Criminals most often seek to ob­tain the birth certificate of a person who died in infancy. The official handing over a certified copy of the certificate generally has no idea whether that person is living or dead, nor any quick means of find­ing out. Thus, the criminal with an "infant death" birth certificate may create a paper person whose ex­istence will never be challenged.

Reaching out from behind their screen of assumed identities, the pa­per people make all of us their vic­tims. From illegal aliens, who take millions of jobs, to drug smugglers and welfare chiselers, they lay an only vaguely realized financial bur­den on every citizen. Some of the ways paper people exact their toll:

Tapping public funds.
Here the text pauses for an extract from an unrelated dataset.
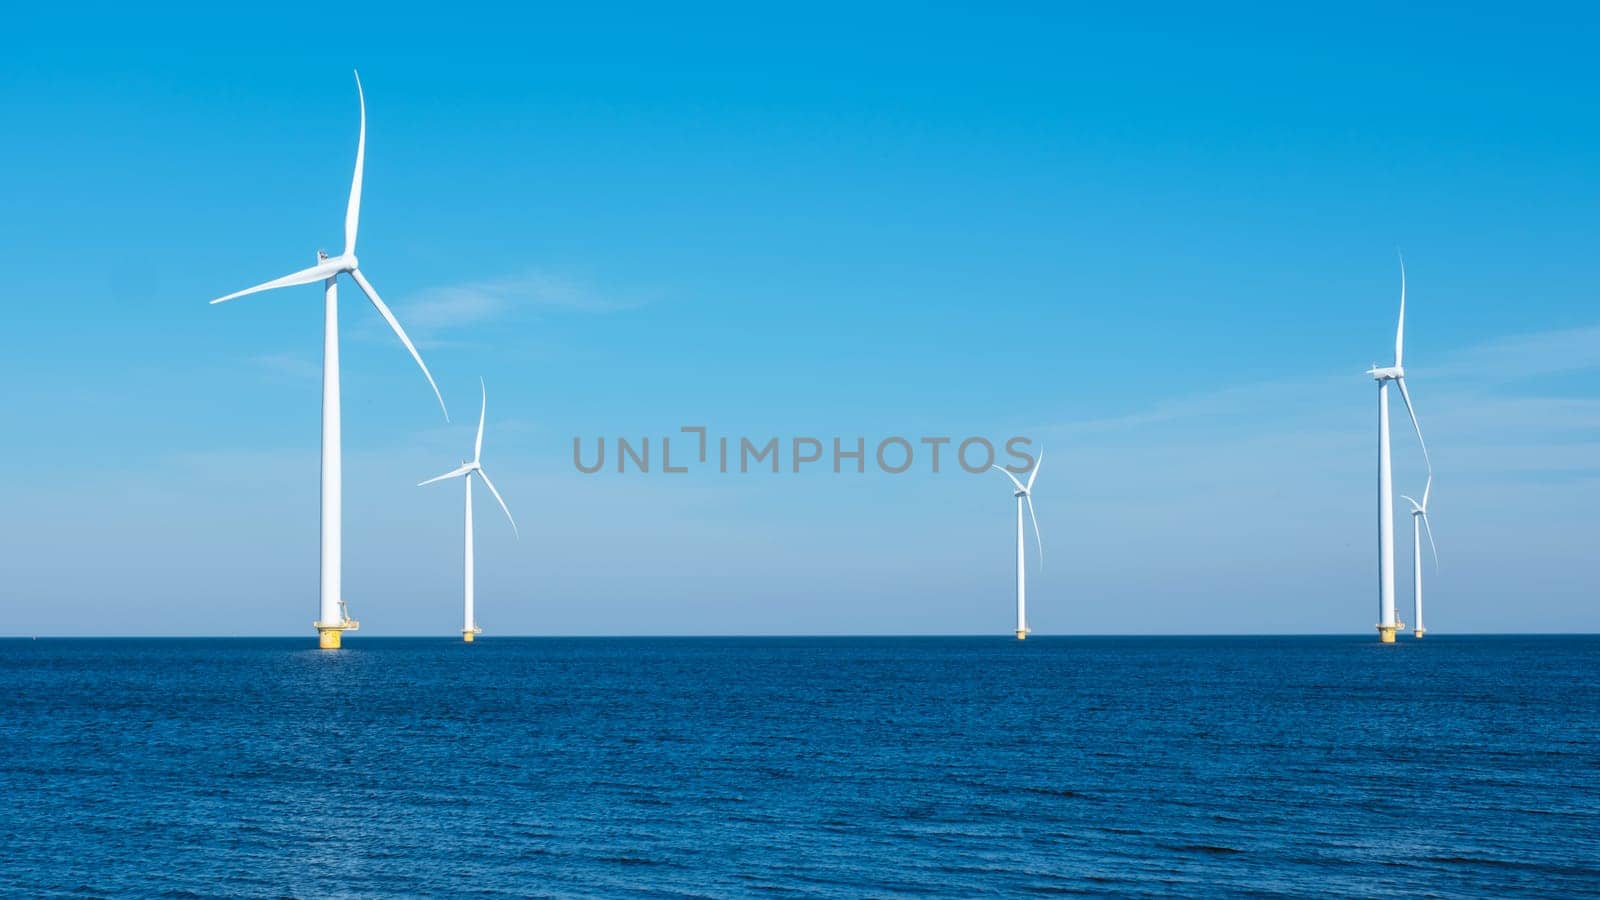 A majestic row of wind turbines rises from the ocean in the Netherlands Flevoland, harnessing the power of the wind to generate clean energy. Windmill turbines at sea green energy transition in Europe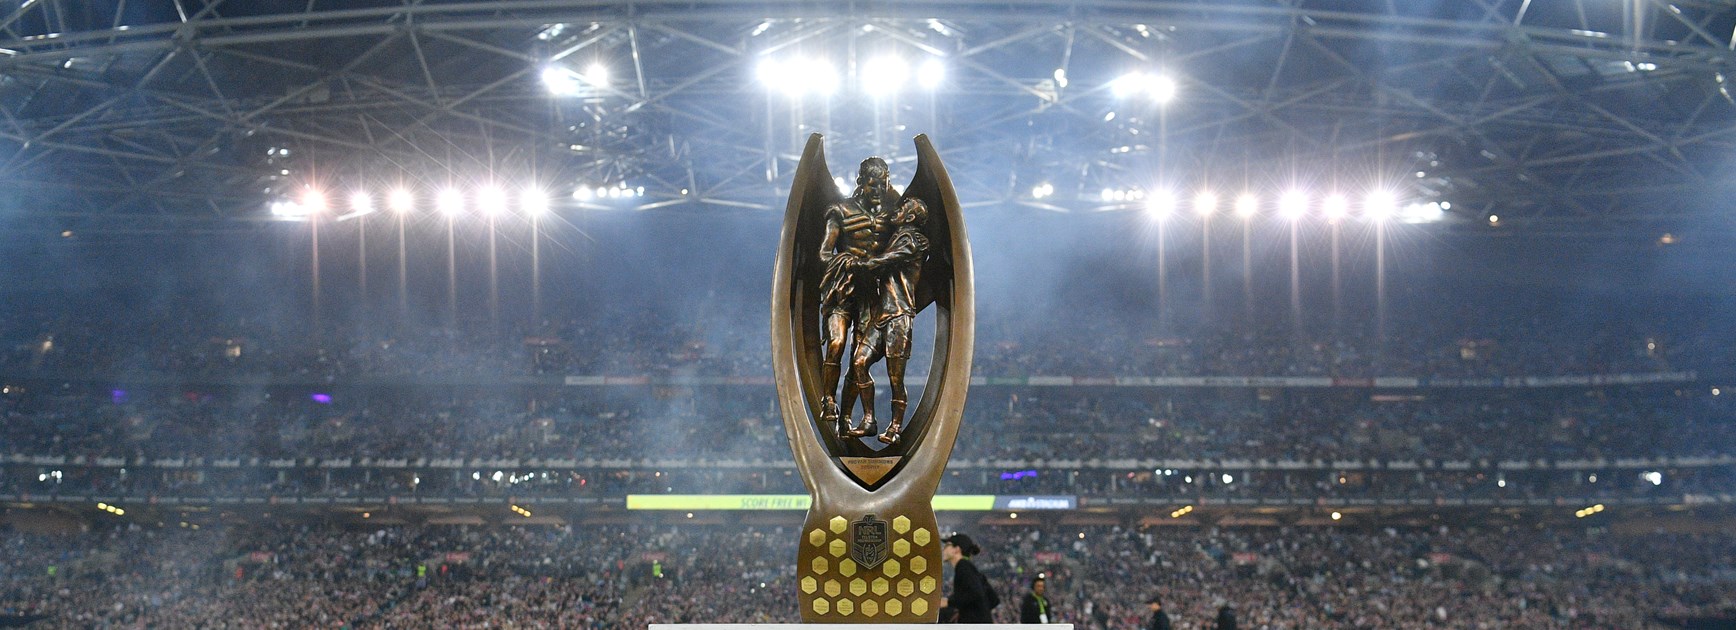 NRL grand final schedule: Everything you need to know

In Camden, N.J., a 26-year-old "mother" applied for welfare for her five chil­dren. She presented the birth cer­tificates for all five. A tip caused authorities to investigate further. The woman had no children, but she had several identities, and Social Security cards and New Jersey driver's licenses to back them up. "She could have got about $600 a month for nothing," said one detective on the case.

In Chicago, authorities nabbed a "welfare queen" who used 250 ali­ases in 16 states to milk huge amounts of money — more than $130,000 in Illinois alone in one year — from a variety of social-welfare programs. Authorities charge that while representing herself as an un­employed mother or widow, the woman used at least 31 different ad­dresses, three Social Security num­bers, records of eight "deceased" husbands, and documents for some 24 children. She owns at least four cars, including two Cadillacs. At her preliminary hearing, her own attorney proved to be unsure of her real name.

"Legitimizing” fraudulent checks. In California, a group of con men scanned want-ads for expensive cars being sold by private owners. Well-dressed and backed with fraudu­lently obtained I.D-s, they met the owners at their homes, dickered over price and agreed to buy. They always worked it out so that the transaction took place after banking hours. They would present a phony cashier's check for the car and drive off. By the time the seller discovered that the check was worthless, the buyer, again using fraudulently ob­tained documents, had sold the car to a legitimate dealer and moved on to the next victim.